But there is also an embarrassing side to Bryan: the ‘great commoner’ was a Bible-banging fundamentalist. When officials in Dayton, Tennessee decided to roast John Scopes for teaching evolution in 1925, they called in the ageing Bryan to prosecute. The week-long trial became a national sensation and reached its climax when the defence attorney, Clarence Darrow, called Bryan to the stand and eviscerated his Biblical verities. ‘Do you believe Joshua made the sun stand still?’ Darrow asked sarcastically. ‘Do you believe a whale swallowed Jonah? Will you tell us the exact date of the great flood?’ Bryan tried to swat away the swarm of contradictions. ‘I do not think about things I don’t think about,’ he said. The New York Times called it an ‘absurdly pathetic performance’, reducing a famous American to the ‘butt of a crowd’s rude laughter’. This paunchy, sweaty figure went down as an icon of the cranky right. Today, most Americans encounter the Scopes trial and Bryan himself in a play called Inherit the Wind. I once played the role of Bryan and the director kept saying: ‘More pompous, Morone. Make him more pompous.’
Michael Kazin is a fine historian who specialises in the lost causes of the left. He has written sympathetic books on the Populist movement and the 1960s. In A Godly Hero, his life of Bryan, he now draws an unexpected conclusion: defying capitalists and defending fundamentalists were two sides of the same philosophy. An urgent message runs through the biography: Democrats will never regain the common touch until they find a way to reclaim both parts of Bryan’s legacy. At the same time, every twist in the Bryan story provokes a disquieting question: is a leftist populism still possible today? Or do racial anxieties inevitably unravel everyman’s rebellion against money power?
Will Bryan was born in central Illinois in 1860, a year before the Civil War began. By the time he was 35, he had become the people’s orator, lecturing across the country – part pastor, part politician and every bit a folk hero. Kazin speculates that Bryan received more mail than any American before Franklin Roosevelt. He ran for president three times but never came close to the prize. Kazin calls him ‘a tribune of lost causes’: lost, that is, from the vantage point of ‘our own era of non-stop satire and 24-hour commerce’. Four of his passions – equality, peace, prohibition and the Bible – cover most of the great 20th-century arguments in the United States. First, the romance of tilting against corporate power. Bryan found the Democratic Party mired in laissez-faire and states’ rights; its politicians served local oligarchs, broke unions and busted strikes. Bryan and his followers pushed the party in a radically new direction: federal power ought to protect workers, tax wealth and fight inequality. More than any single individual, Kazin suggests, Bryan thrust the Democrats towards their 20th-century incarnation as champions of federal programmes and social justice. Bryan and his Populists packed their egalitarian message with a moral charge. Greed was sinful and corporate power sinister. A good nation must exalt its ‘little people’, who, in turn, minister to one another in generous communities. The call to alms would reverberate for the next eighty years, most famously through Roosevelt and, later, Martin Luther King’s social gospel sermons. Bryan’s spirit remained vital until Ronald Reagan finally dropped the curtain on all that pandering.

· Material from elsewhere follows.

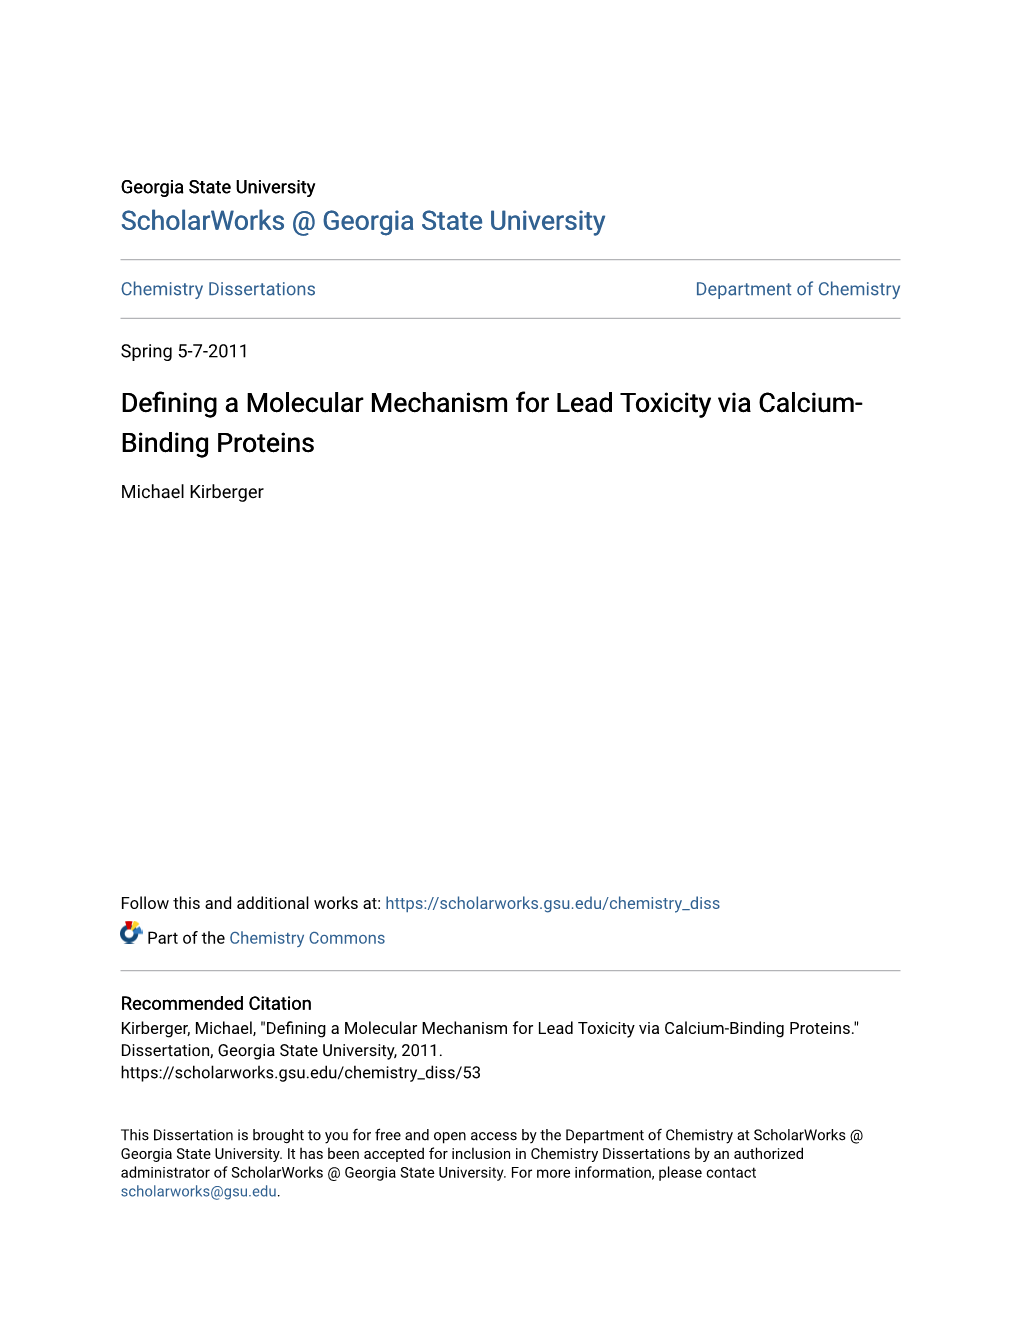 Defining a Molecular Mechanism for Lead Toxicity Via Calcium-Binding

Still, the Populists looked backwards as much as they anticipated the future. Their common man lived in the countryside. And – always the little jolt of prejudice – Bryan’s people distrusted the big cities, bloated as they were by immigrants. Populists had little to offer the strangers. Bryan himself was blunt about the sanctity of the rural idyll: ‘Burn down your cities and leave our farms and your cities will spring up again as if by magic; but destroy our farms and the grass will grow in the streets of every city in the country.’ Such bursts of rural defiance, Kazin observes, were no help in converting urban voters to the cause. The big city politicians returned the disdain. They were Democrats too, but Bryan did not speak to them or their followers. Populist economics constantly touched the great American antinomies. Bryan’s egalitarian campaigns foreshadowed the contemporary left, but with a vital difference: the Populists clung to their white, Anglo-Saxon Protestantism. To this day, populists in the heartland eye with suspicion the ethnic and racial cacophony of the madding cities.
A second Populist cause sounds even more contemporary. Bryan described military power as ‘an un-Christian tool of the upper classes’. The corporate juggernaut generated ‘wars of conquest’ while crushing clerks and farmers. In his second run for the presidency, in 1900, Bryan defiantly challenged the nation’s rising imperial aspirations. In contrast, William McKinley and Theodore Roosevelt made no apologies for American conquest. The United States would spread freedom and Christianise degraded peoples. It must shoulder the white man’s burden. The United States liberated Cuba from Spanish tyranny and then, after an easy victory, snatched the Philippines and set out to civilise them.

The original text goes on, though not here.